Friday, Oct. 25, 2002, 8:47 a.m.: you gotta never let it go...
Yesterday afternoon I started getting that feeling again. Like I was a hamster running on a hamster wheel, just over and over and over. Why do I feel like I'm not doing enough? I don't fucking know. I spend @ least 80% of my time on acting...thinking, researching, doing. I just feel like it's not enough. It could be b/c I'm not working on anything big enough to really feel like I'm doing or accomplishing. My best friend is always giving me these analogies...telling me that soon that wheel is going to bust and I'll be off. She makes me feel so much better when I'm lost in that hurricane. I'd like to know, though, if there's anything else I could be doing.

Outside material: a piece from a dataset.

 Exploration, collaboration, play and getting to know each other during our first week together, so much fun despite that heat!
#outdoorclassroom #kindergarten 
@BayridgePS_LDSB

The audition I had yesterday night went well...and I use that term loosely. Everyone always has good stuff to say a/b my work, but the fact that I haven't gotten much kinda makes me not want to listen to that shit. This director saw me and said right away that I was exactly how he had pictured the role. Then when I read for him he said I got the character down perfect and when I gave my interpretation of her he said it was exactly right. So, yea that's all good stuff and shit, but DO I GET THE PART or what?! You know.

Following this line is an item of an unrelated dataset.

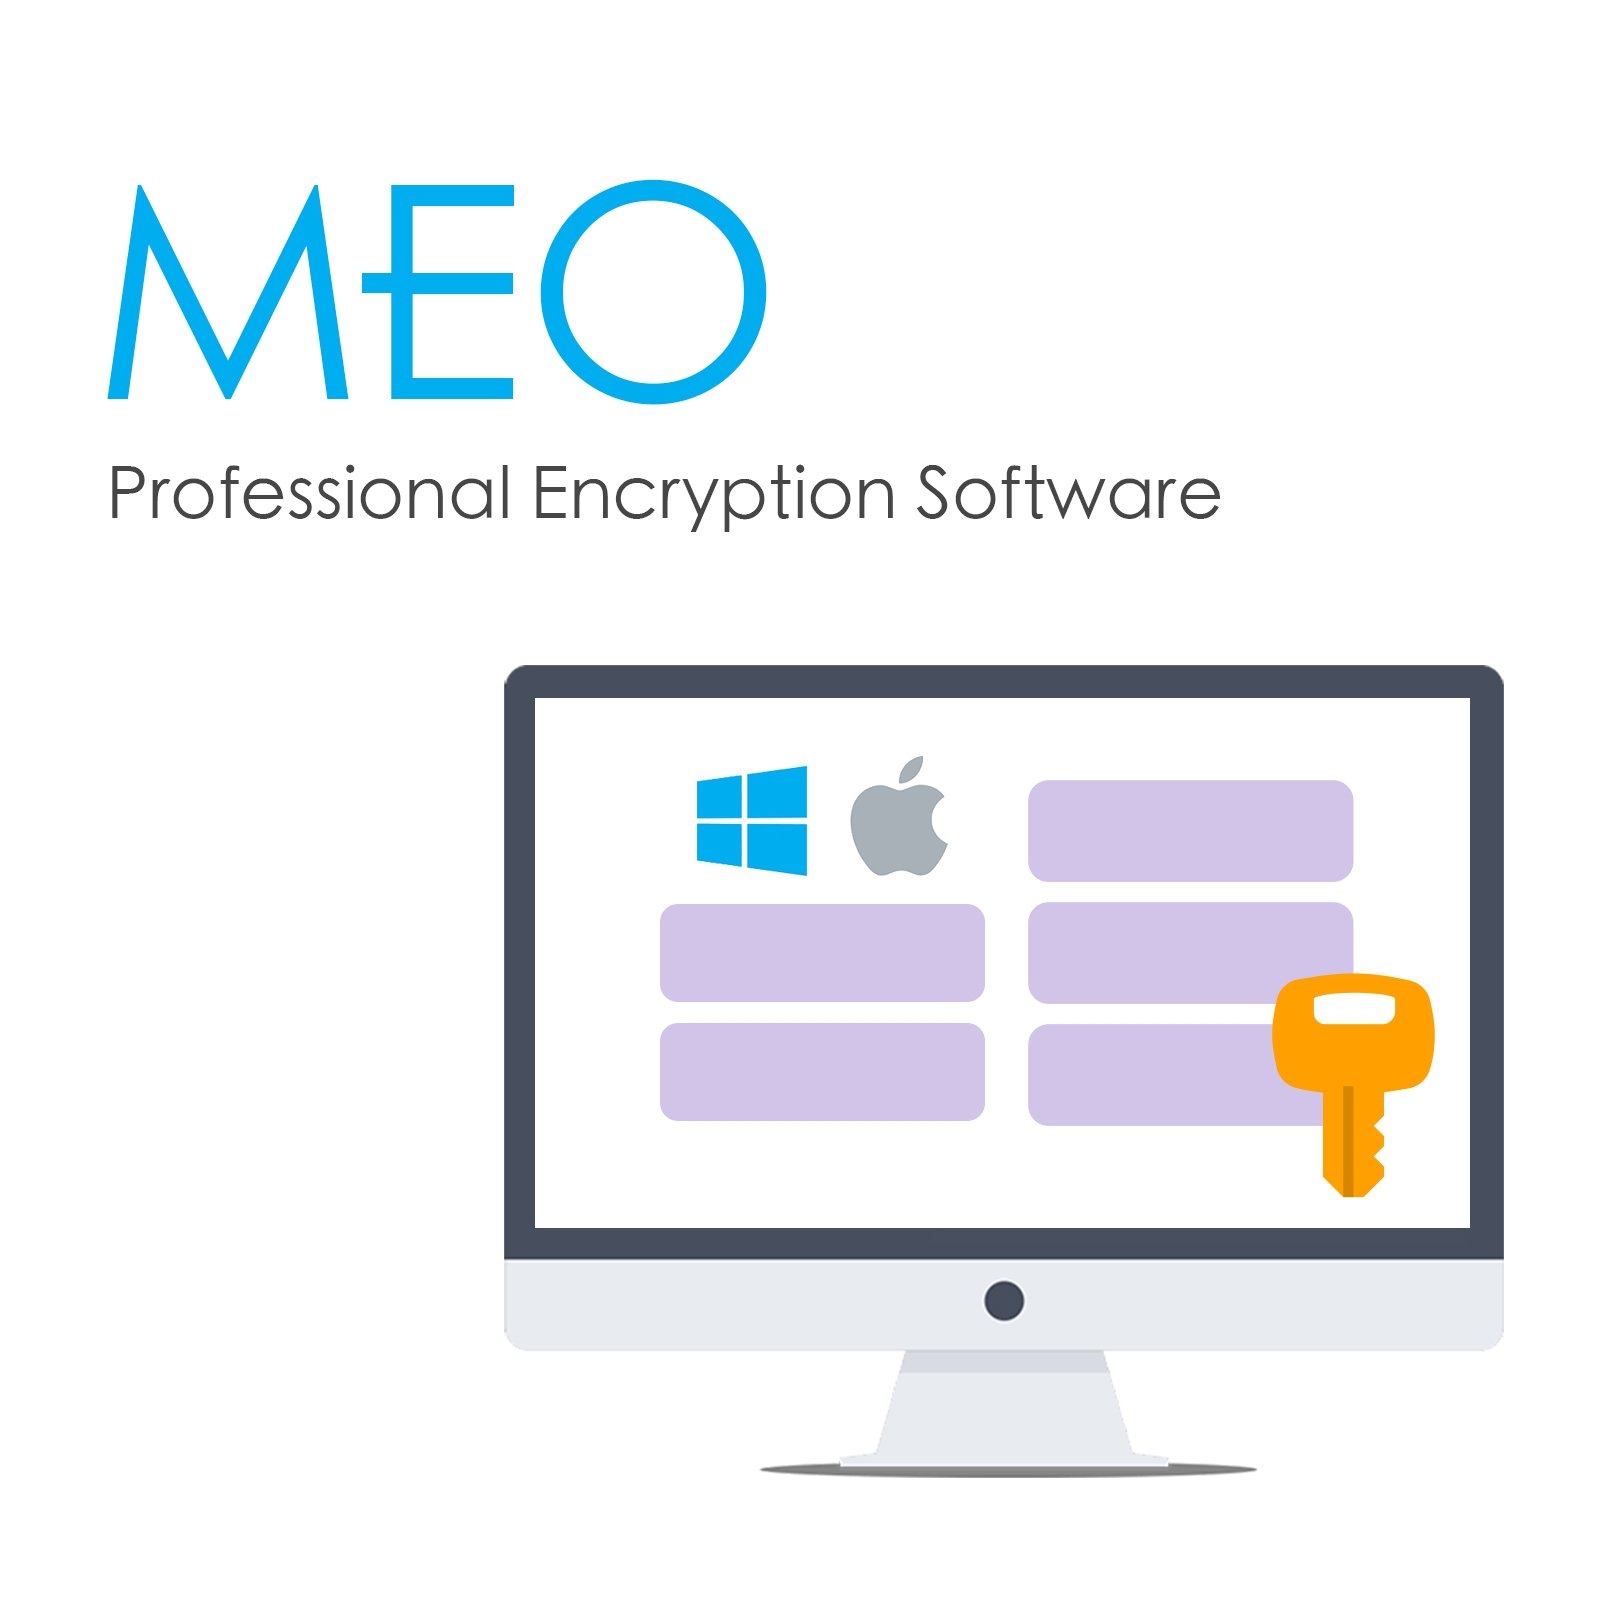 MEO Professional Encryption Software (Single License)

I also went to the dreaded mall yesterday night and bought two outfits. Awesome skirts and some more long sleeved sweater type shirts for this damn fucking winter weather that's heading our way. I'm so pissed a/b that. I really LOVE the sun. All my funky flashy shit is perfect for fall and winter though. For some reason in the summer I look much more natural, unless I'm going out. My finger hurts this morning. I think I may have slept of it wrong. It hurts to bend and I can't type with it. I hope it's not arthritis. So guess what song I woke up to again this morning?? 'LOOSE YOURSELF' baby!!!!!!!